Give an example of $p$, $q$ and $G$ such that $G$ is not isomorphic to $\mathbb{Z}_{pq}$.
Now suppose that $p = 5$ and $q = 7$. Show that $G$ is isomorphic to $\mathbb{Z}_{35}$.
I know we are learning about Sylow's Theorems and group actions, but those are very confusing to me, so I'm not sure how to implement them really.
$S_3$, the symmetric group on $3$ letters, is not Abelian, hence $S_3 \not \cong \Bbb Z/6\Bbb Z$, although $|S_3| = 2\times 3$.
If $|G| = 5 \times 7$, then $s_5$ divides $7$ and since $5$ divides $s_5 -1$, we must have $s_5 = 1$. By the same reasoning $s_7 = 1$. Thus, $G$ has exactly one Sylow $5$-subgroup $W_5$ and one Sylow $7$-subgroup $W_7$, and these are normal in $G$, so their direct product $W_5 W_7 \le G$. Also, $W_5 \cap W_7 = \{1\}$ ($W_5 \cap W_7$ is a subgroup of each, so its order must divide $5 \land 7 = 1$). Also, $|W_5 W_7| = |W_5|\times |W_7|/|W_5 \cap W_7| = 35 = |G|$, hence $G = W_5 W_7$. Therefore $G = W_5 \odot W_7$ and is then $\cong W_5 \times W_7 \cong \Bbb Z/5 \Bbb Z \times \Bbb Z/7 \Bbb Z \cong \Bbb Z/35 \Bbb Z$.

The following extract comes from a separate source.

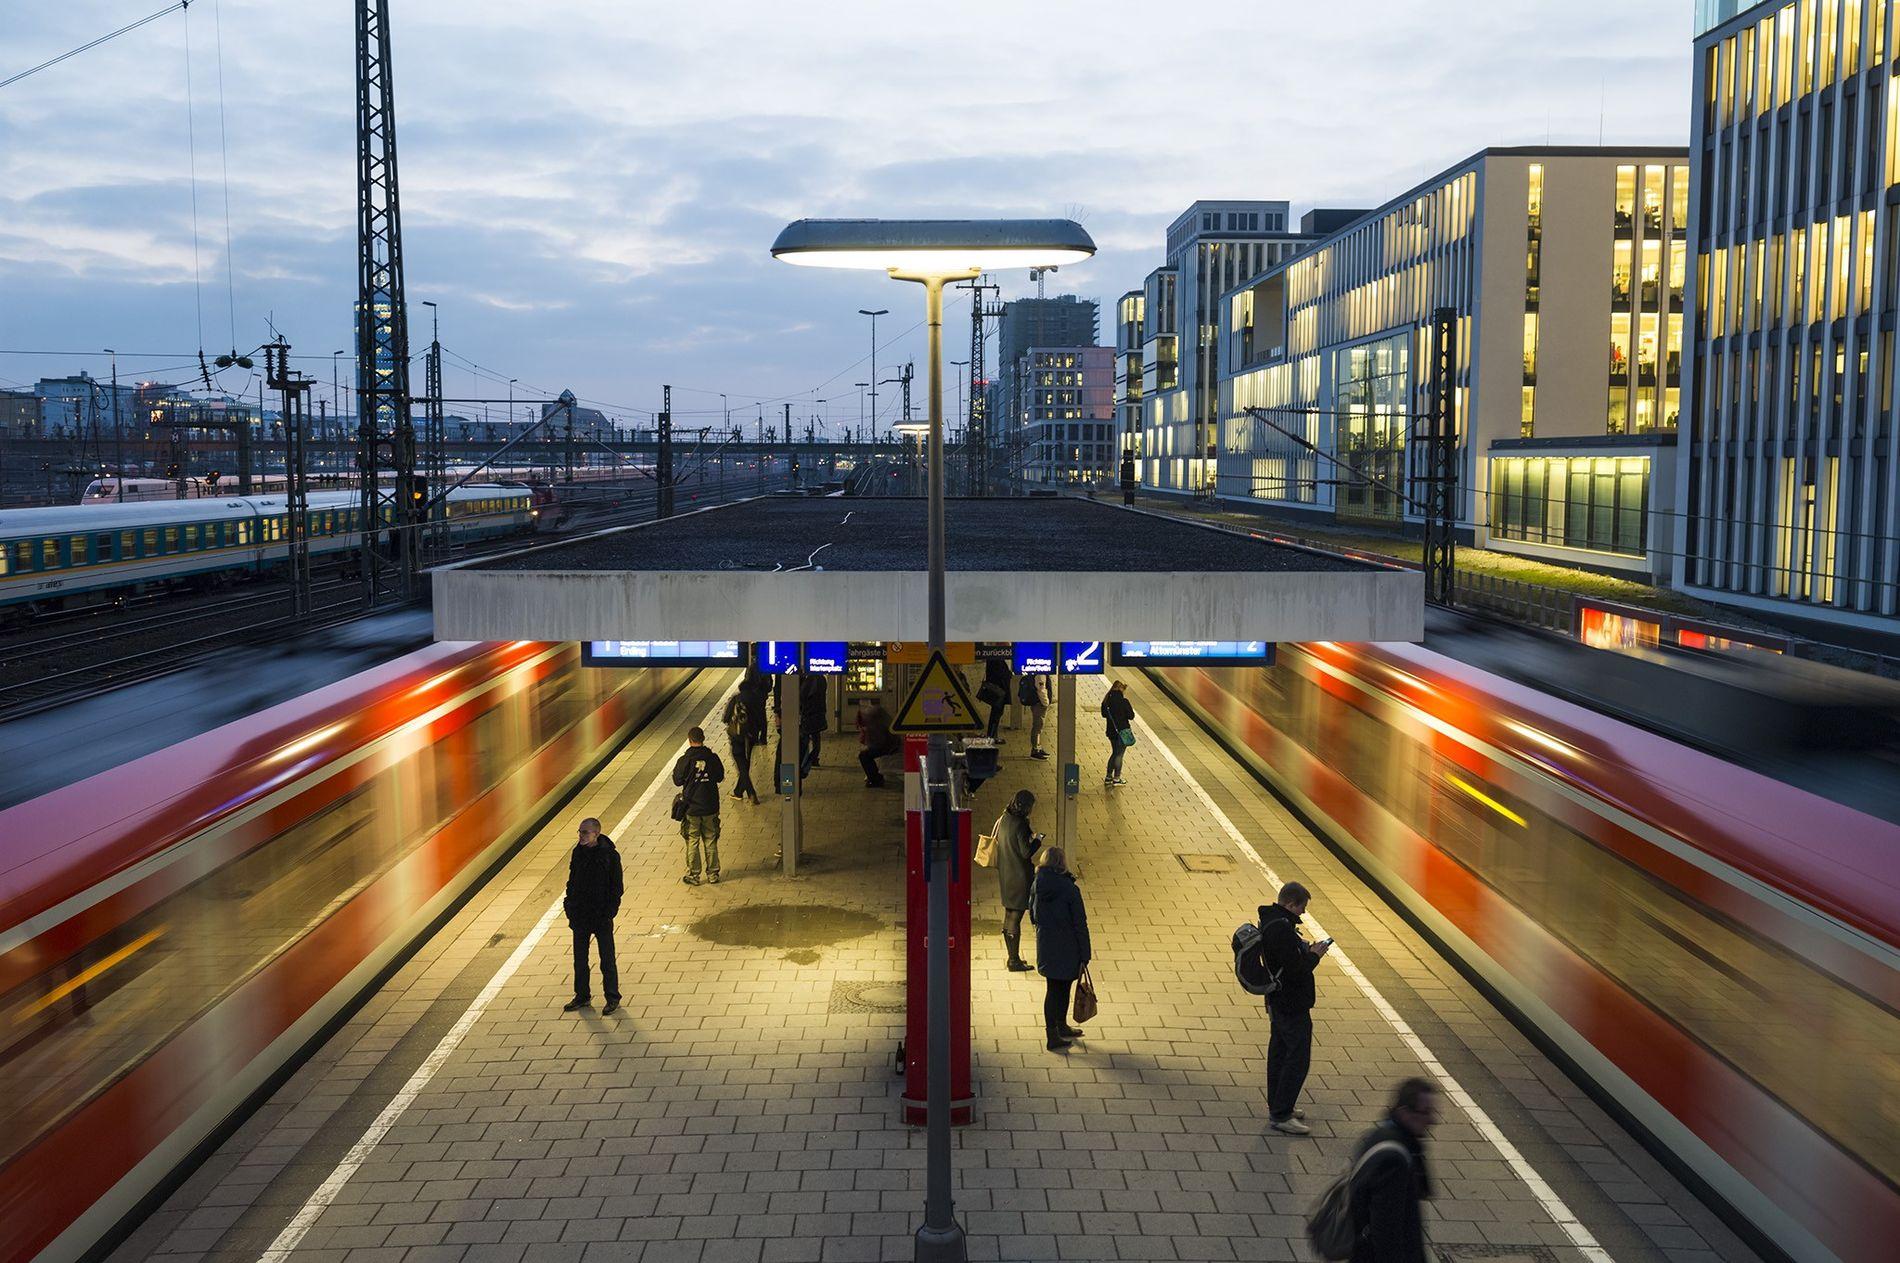 Munich, Alemania, planea abastecerse completamente de energía renovable para 2025. El municipio ya ha firmado un ...

(for a prime $p$, $s_p$ denotes the number of Sylow $p$-subgroups)
Use the fact that if $|G|=pq $ where both of them are distinct primes with $p\lt q $. If $p$ divides $q-1$ then there two groups of order $pq$ upto isomorphism, one being cyclic and the other being non abelian. If $p$ doesn't divide $q-1$ then there is only $1$ group upto ismorphism and that it $Z_{pq}$